DATA BELOW
•••••
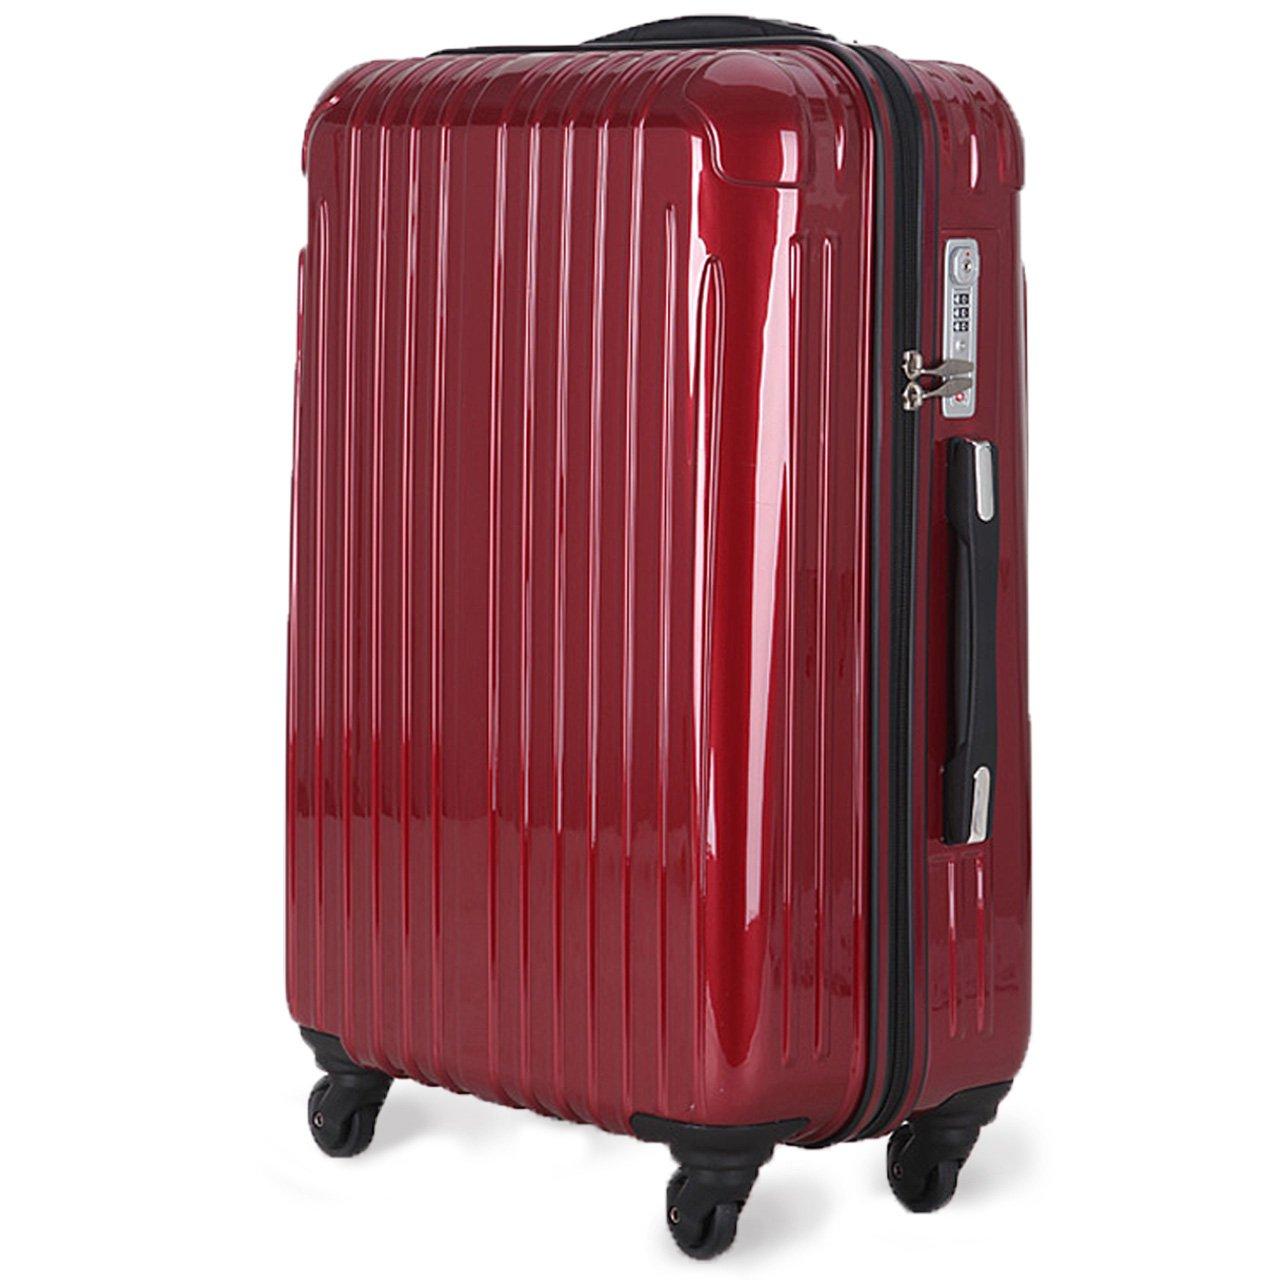 strike[ストライク]超軽量 2年保証 スーツケース TSAロック搭載 旅行バック トランクケース 旅行カバン B072HN17LX 中型Mサイズ(4-7泊)|ワインレッド ワインレッド 中型Mサイズ(4-7泊)
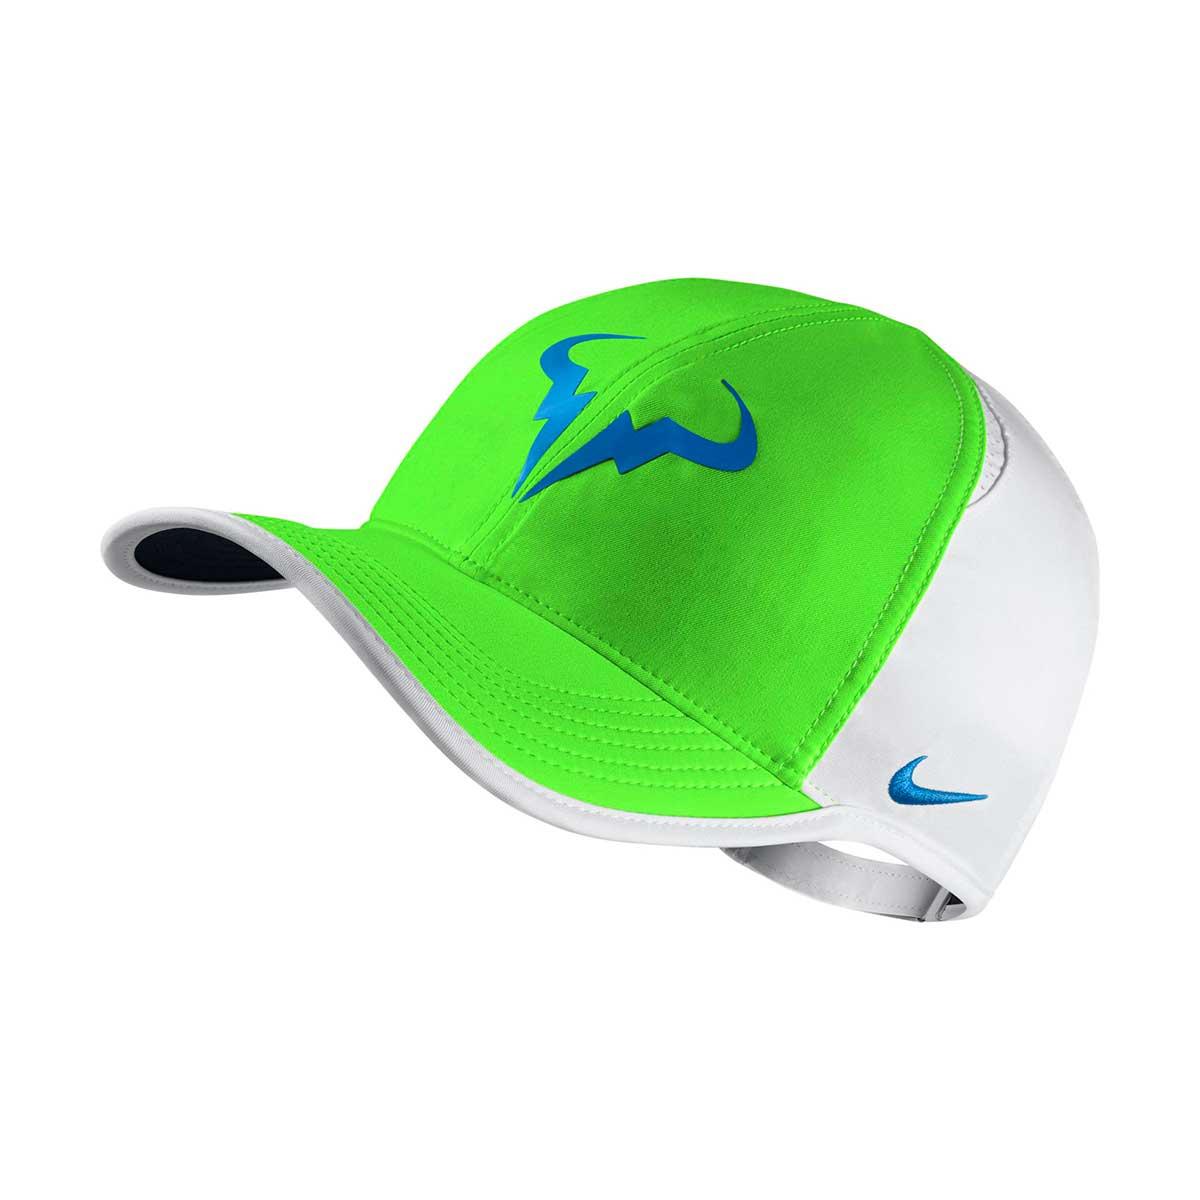 76675f45ab5d1 Buy Nike Rafa Cap Online India
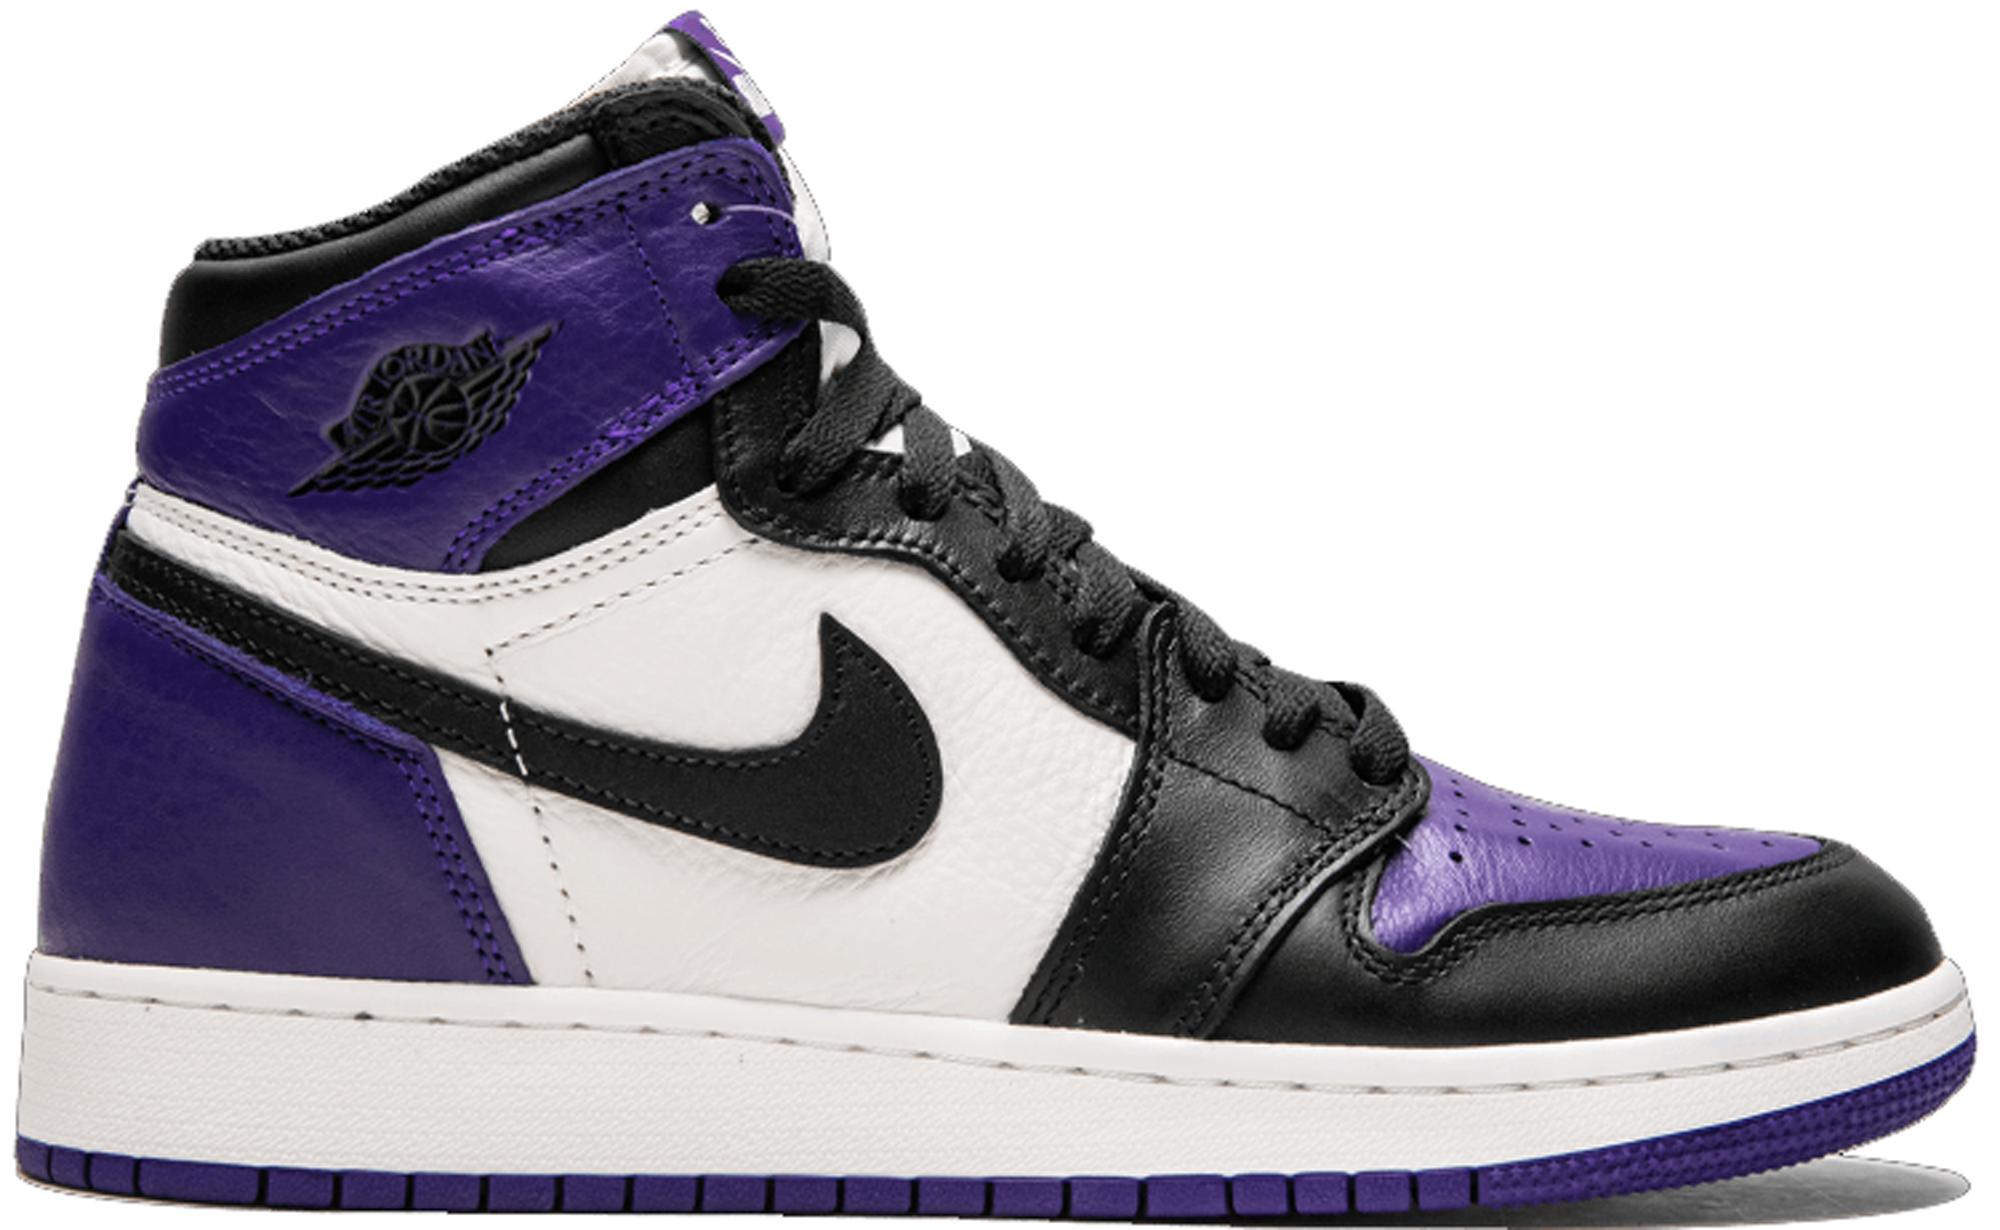 Jordan 1 Retro High Court Purple (GS
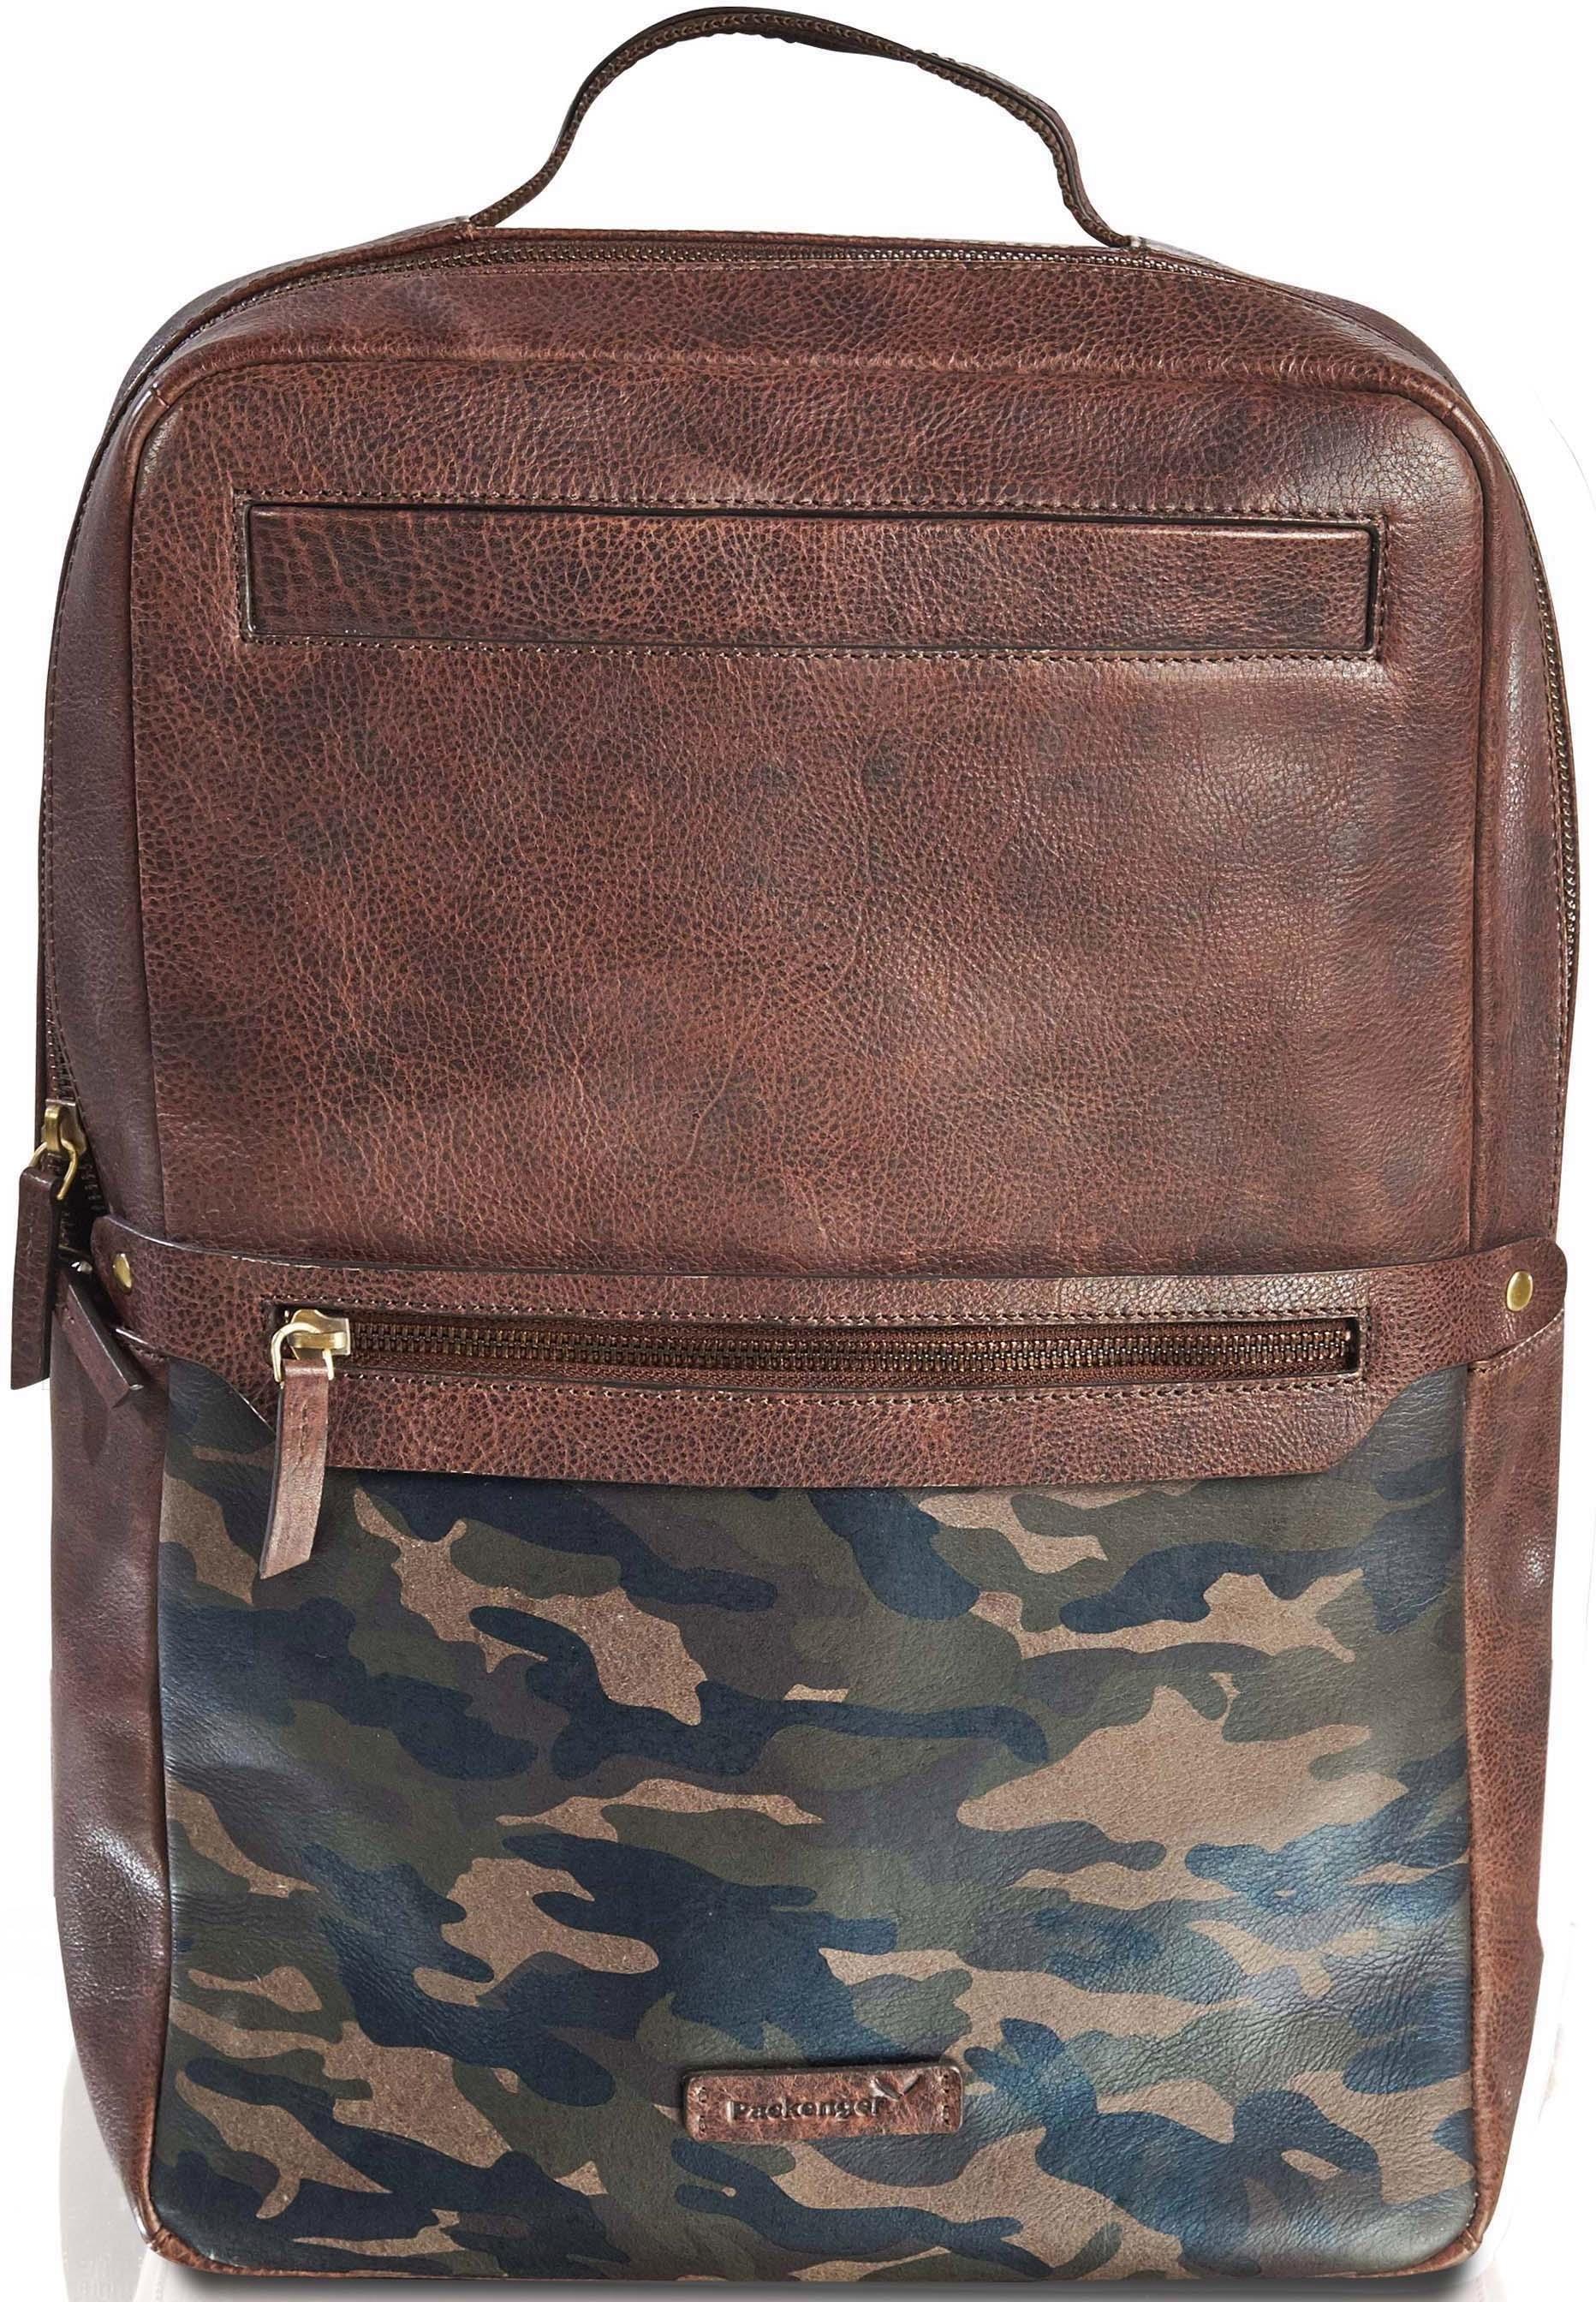 Packenger laptoprugzak »Dallas, Camouflage« - gratis ruilen op otto.nl
•••••
BRIEF
Leaving aside every picture, transcribe exactly the lines that run from the one with "Jordan 1 Retro High Court Purple (GS" to the close of the listing above.

SOLUTION FOR THIS TASK
 Jordan 1 Retro High Court Purple (GS
 Packenger laptoprugzak »Dallas, Camouflage« - gratis ruilen op otto.nl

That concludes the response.